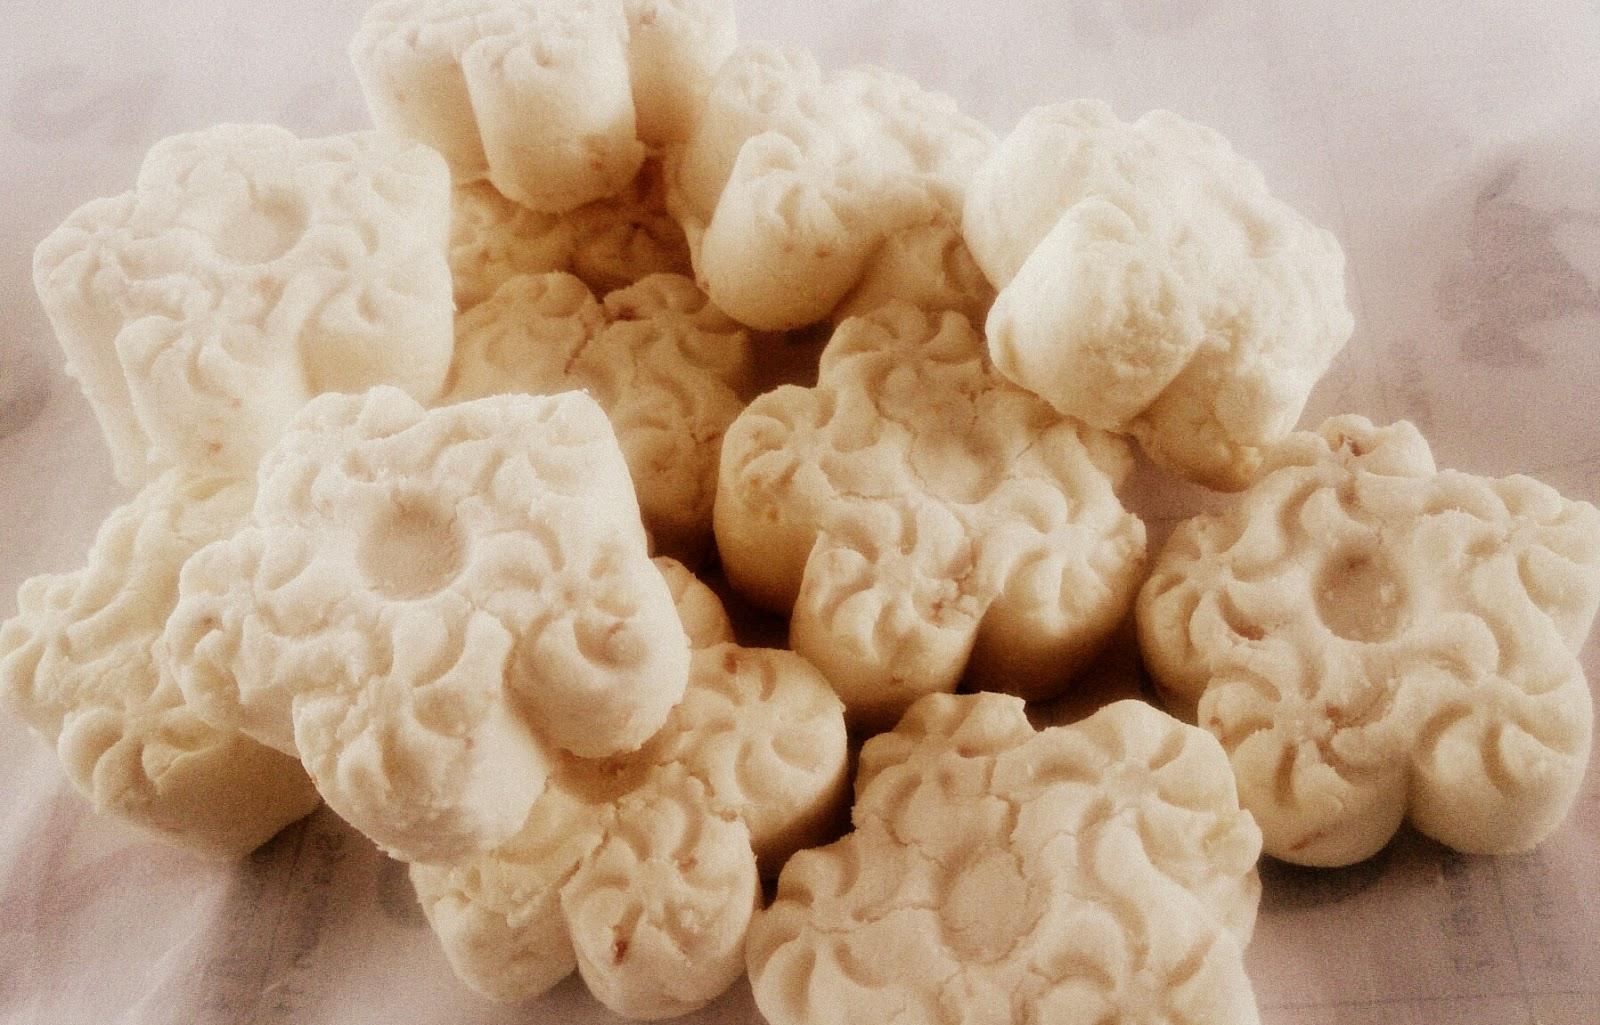 Cara buat resepi Biskut Bangkit Cheese - INA MURNI ENTERPRISE
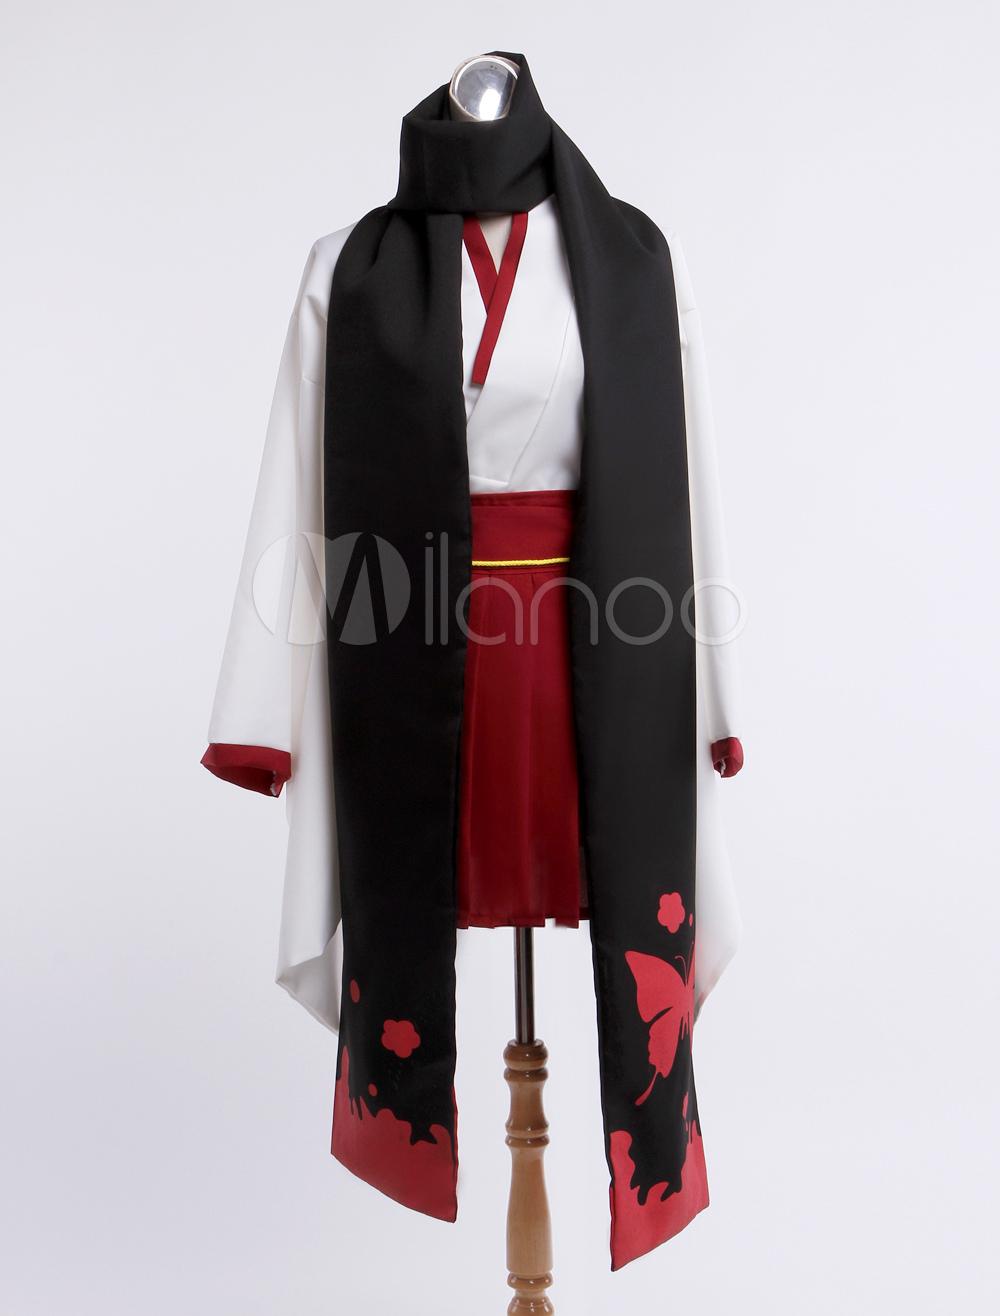 Inu x Boku SS Shirakiin Ririchiyo Cosplay Costume Halloween
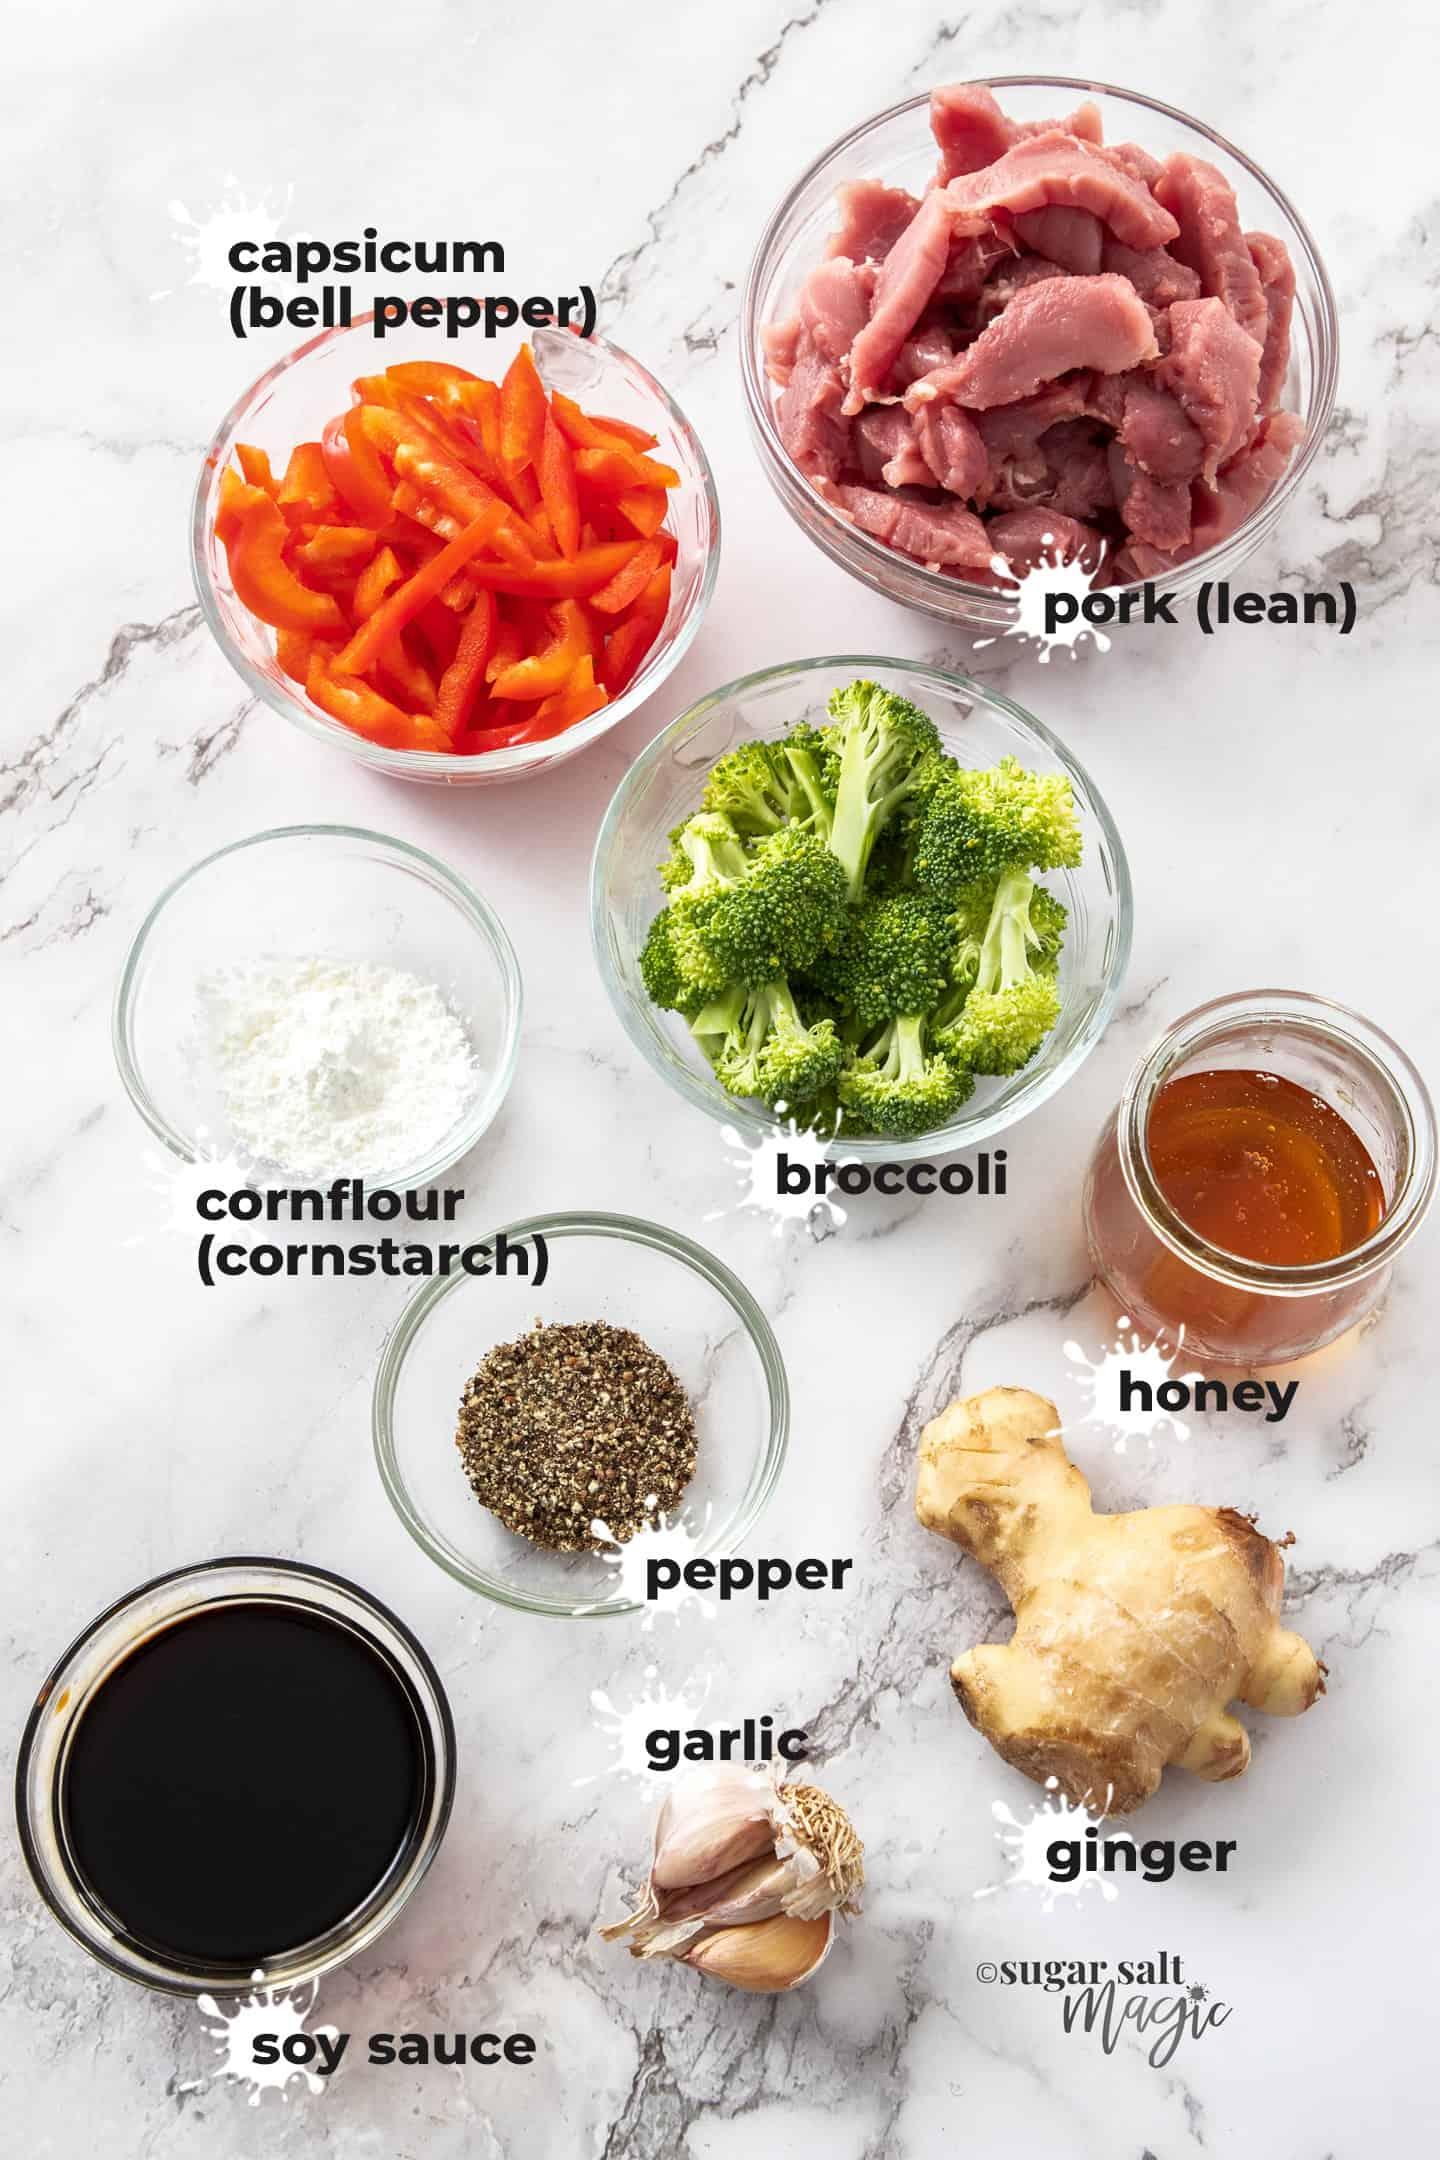 Ingredients for honey pepper pork stir fry on a marble background.

------------

## Exercise aim
Only the lines from the one containing "Inu x Boku SS" through the end of the listing should be output, word for word and inclusive; keep pictures out.

## Output for this exercise
 Inu x Boku SS Shirakiin Ririchiyo Cosplay Costume Halloween
 Ingredients for honey pepper pork stir fry on a marble background.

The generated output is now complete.